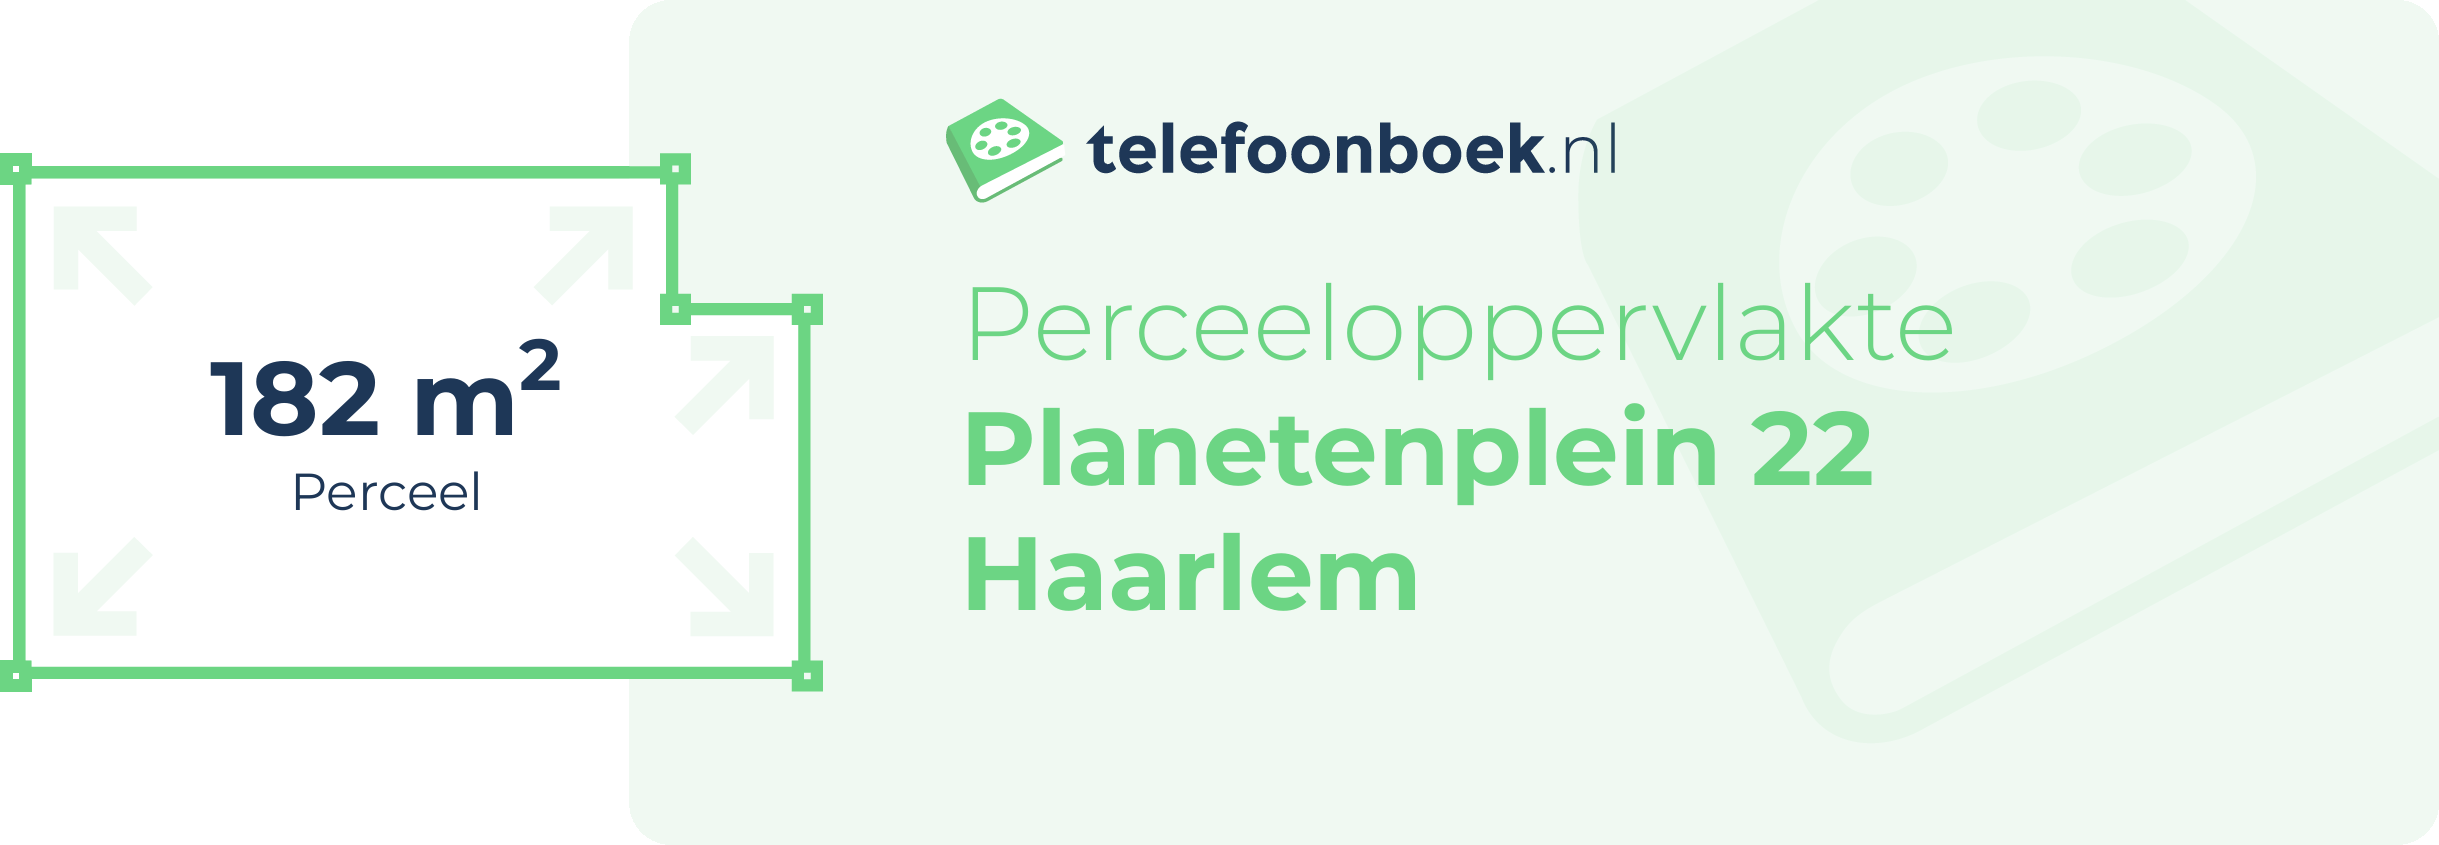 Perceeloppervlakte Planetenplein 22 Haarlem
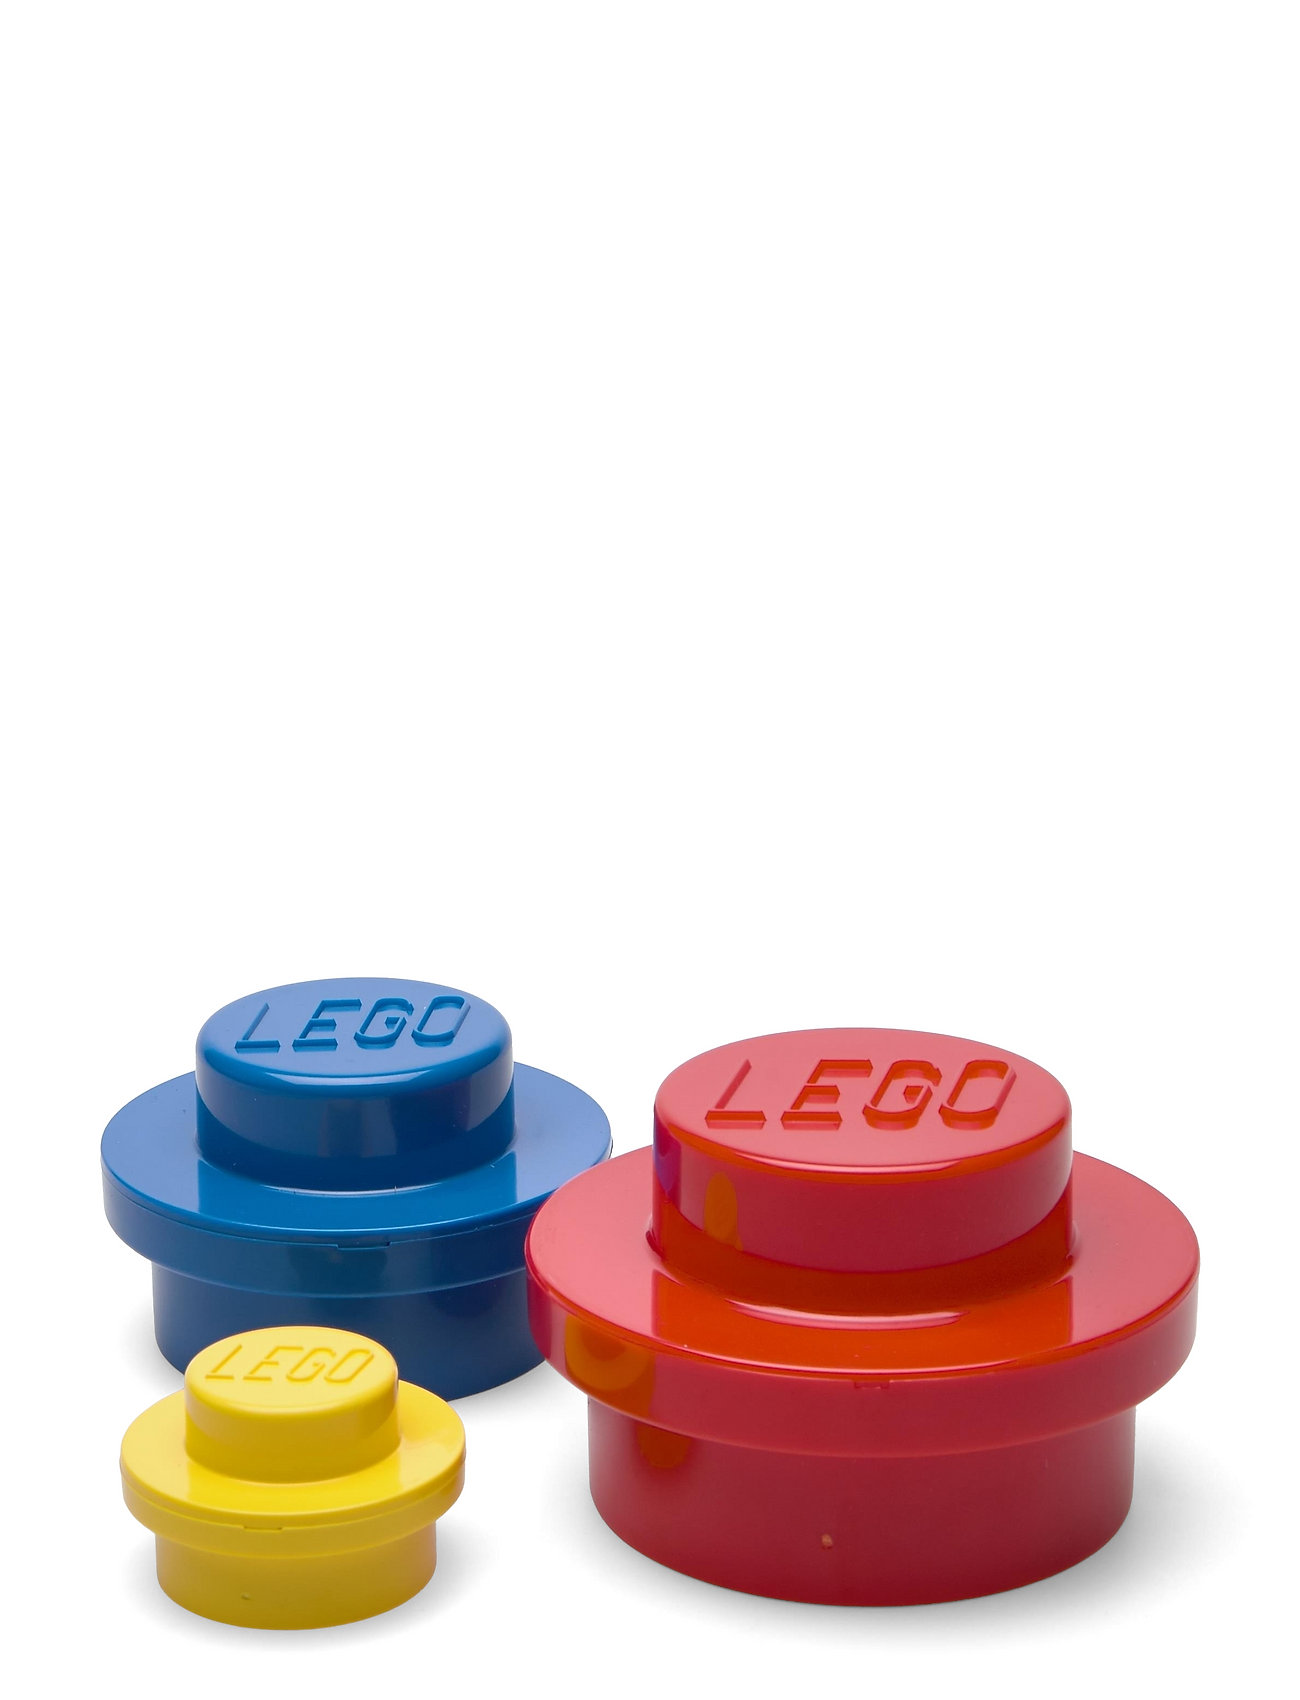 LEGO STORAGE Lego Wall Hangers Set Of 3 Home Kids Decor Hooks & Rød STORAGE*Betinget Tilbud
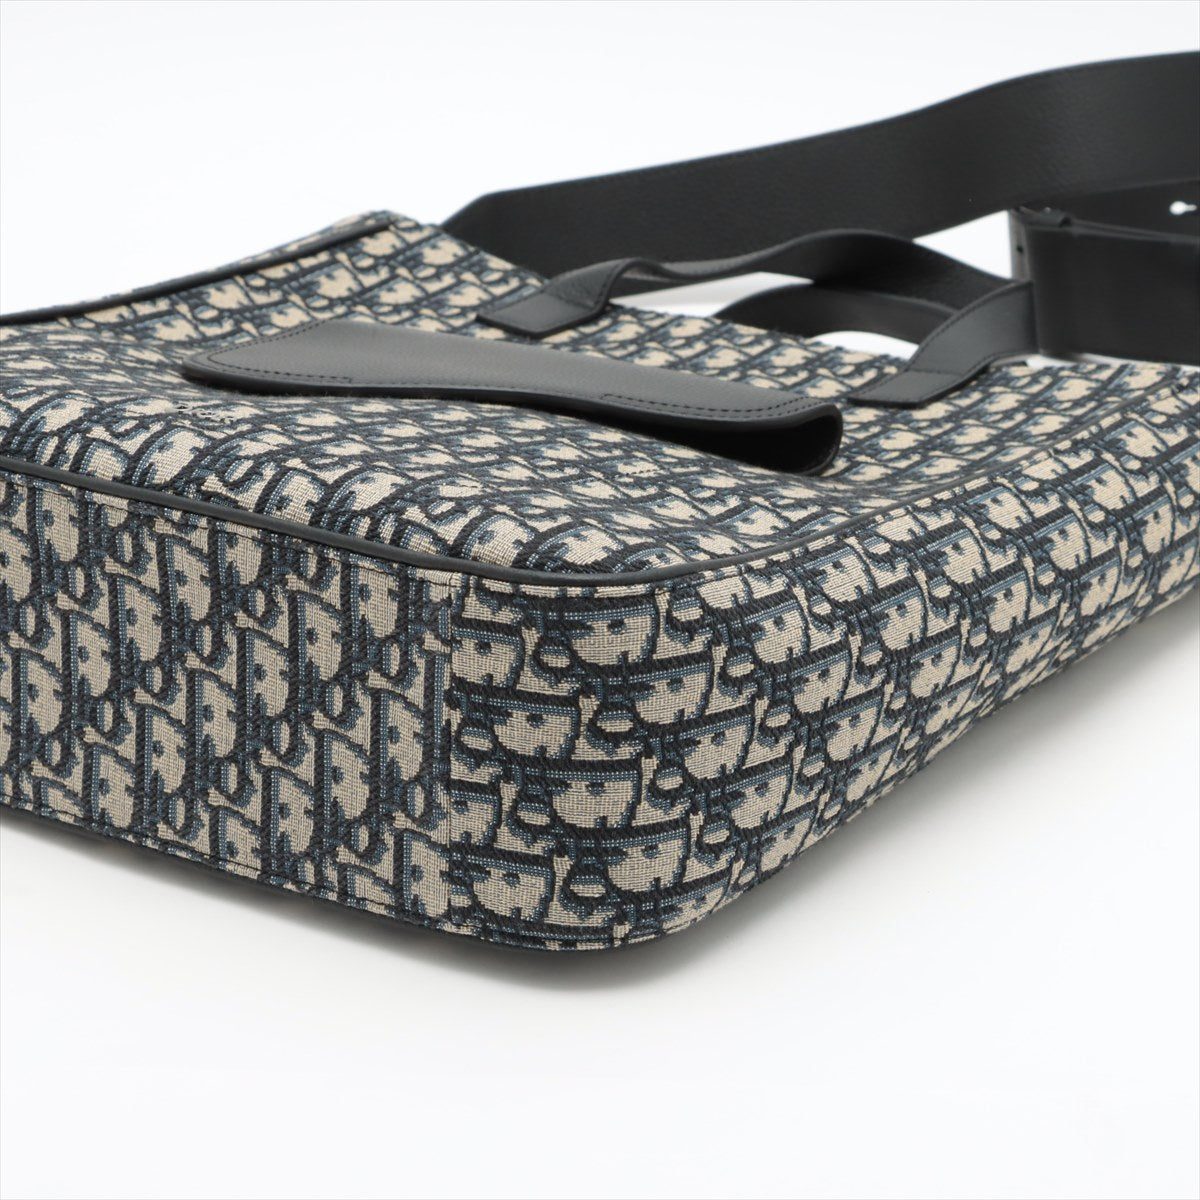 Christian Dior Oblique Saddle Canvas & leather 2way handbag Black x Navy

=======

- WORK INSTRUCTIONS -
Print the material above verbatim, no images.

- ANSWER SPACE -
 Perceeloppervlakte Planetenplein 22 Haarlem
 LEGO STORAGE Lego Wall Hangers Set Of 3 Home Kids Decor Hooks & Rød STORAGE*Betinget Tilbud
 Christian Dior Oblique Saddle Canvas & leather 2way handbag Black x Navy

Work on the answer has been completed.